Testing, deploying, and maintaining ML systems: Some fundamental disconnects need to be addressed to put ML models into production. MLOps combines DevOps and data engineering with machine learning to better implement and sustain an ML system in production.

Machine learning lifecycle & need for MLOps:

Understanding the machine learning lifecycle can provide better clarity for the need of MLOps for higher deployments. To start, machine learning requires a handful of operations in the lifecycle, including business objectives, data engineering (data acquisition), data science (architecting & developing models), and DevOps (deployment).

A research paper on the technical framework of machine learning demonstrates that developing the code and model is merely the initiation of a sophisticated development lifecycle. There are other components that are instilled in the system, including data collection, data verification, analysis tools, process management systems, feature extraction, machine resource management, and other serving infrastructures.

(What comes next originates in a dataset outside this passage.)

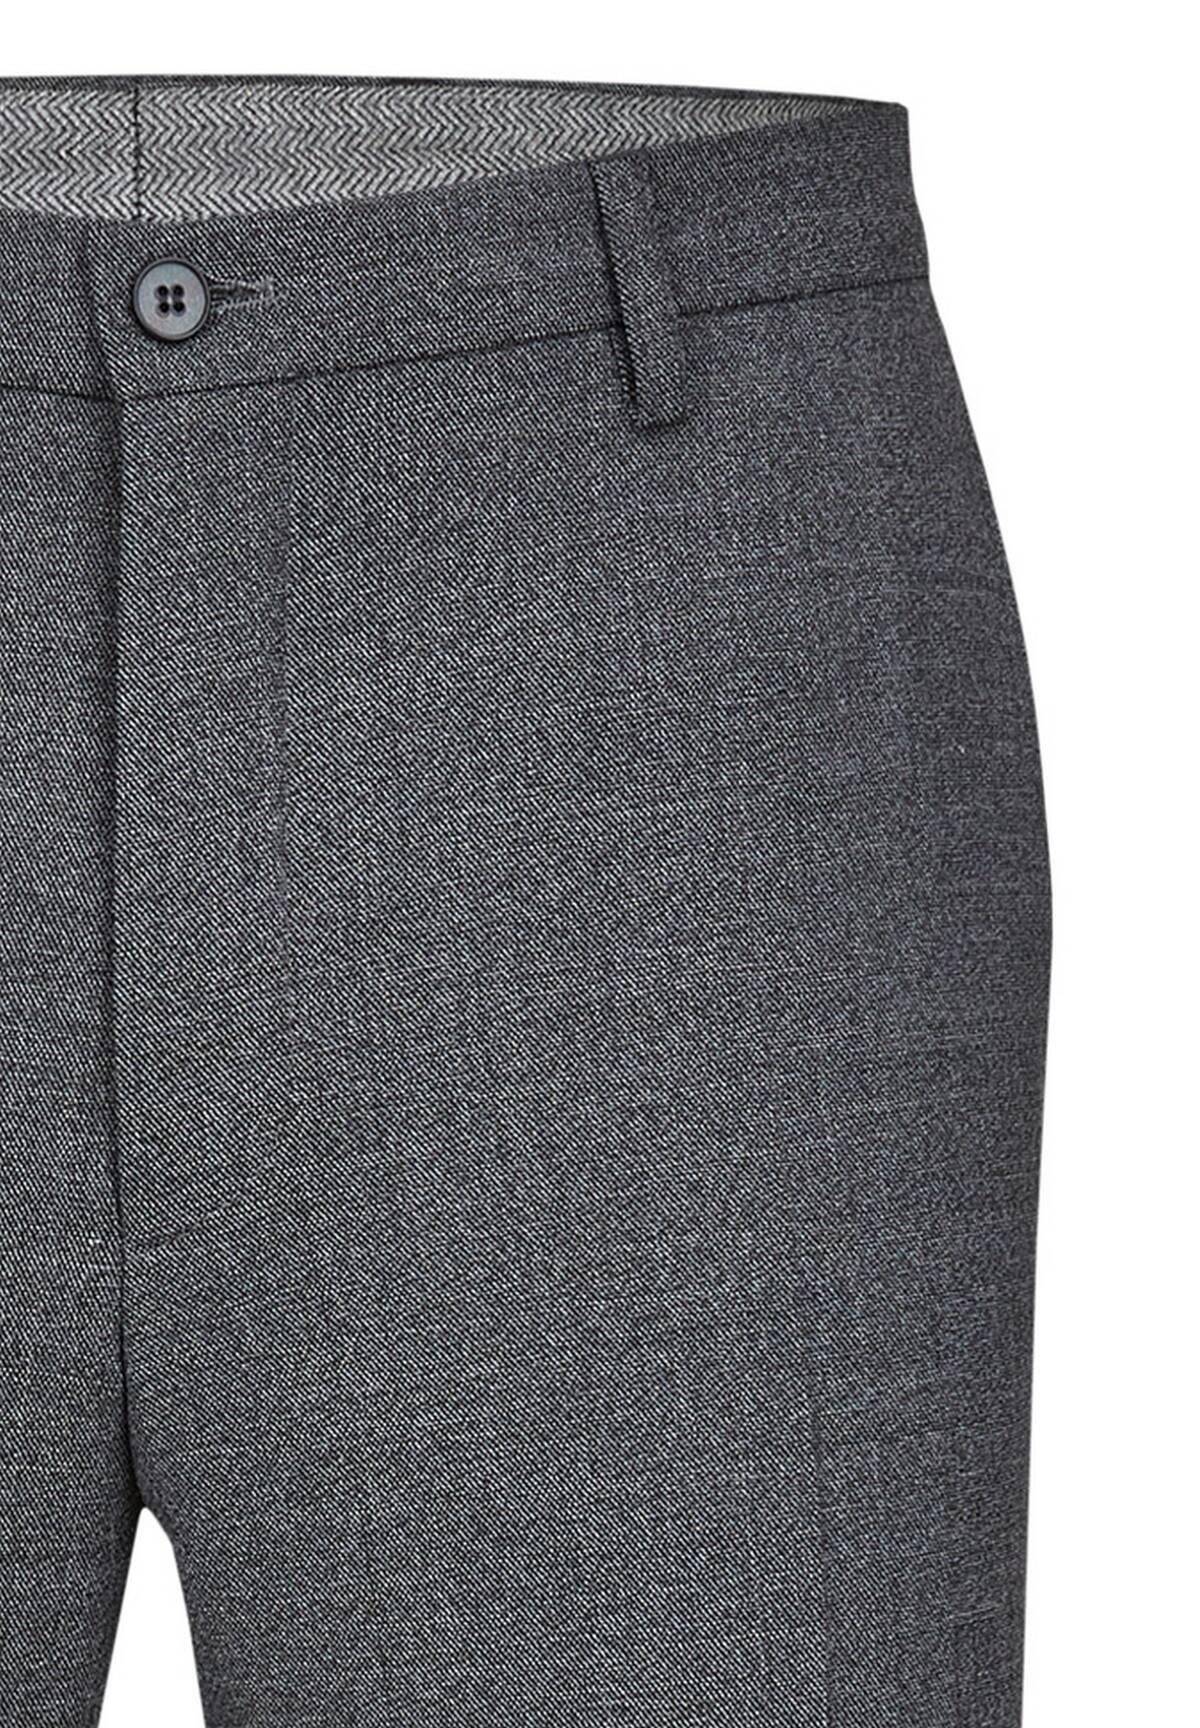 Pantalon de costume DH2O /

As mentioned above, all the components are crucial for the successful deployments, and the correct orchestration of these pieces is called Machine Learning Pipeline. Overlooking the need for these modules is one of the significant reasons ML deployments haven’t been as effective as expected. MLOps is the key to mapping out this critical architecture.

The “machine learning pipeline” is the process that takes data and code as input, and produces a trained ML model as the output. This process usually involves data cleaning and pre-processing, feature engineering, model and algorithm selection, model optimization and evaluation.

ML Pipeline & Stack Technologies

MLOps is not dependent on a single technology or platform. Below is the list of the most important steps and technologies that play a significant role in good ML implementations.

Note: Most of the tools mentioned in the following list could be used for one or more processes or stages of the ML lifecycle.

1. Data and pipeline versioning

Data and pipeline versioning the key to track pipelines, ML models, and data sets with versioning control. Versioning is the key to test, audit, and rollback to any previous versions.

Kubeflow is a free and open-source machine learning platform designed to enable using machine learning pipelines to orchestrate complicated workflows running on Kubernetes.

The Kubeflow includes a central dashboard for navigation between the Kubeflow components like Pipelines, notebook servers for Jupyter, Katib for hyperparameter tuning, and artifacts stores. All of them, the users can manage contributors for sharing access across namespaces.

2. Orchestration

Orchestration is the key to ensuring ML deployments into existing workflows and processes. The right tool that can allow efficient orchestration of ML systems can create a significant advantage.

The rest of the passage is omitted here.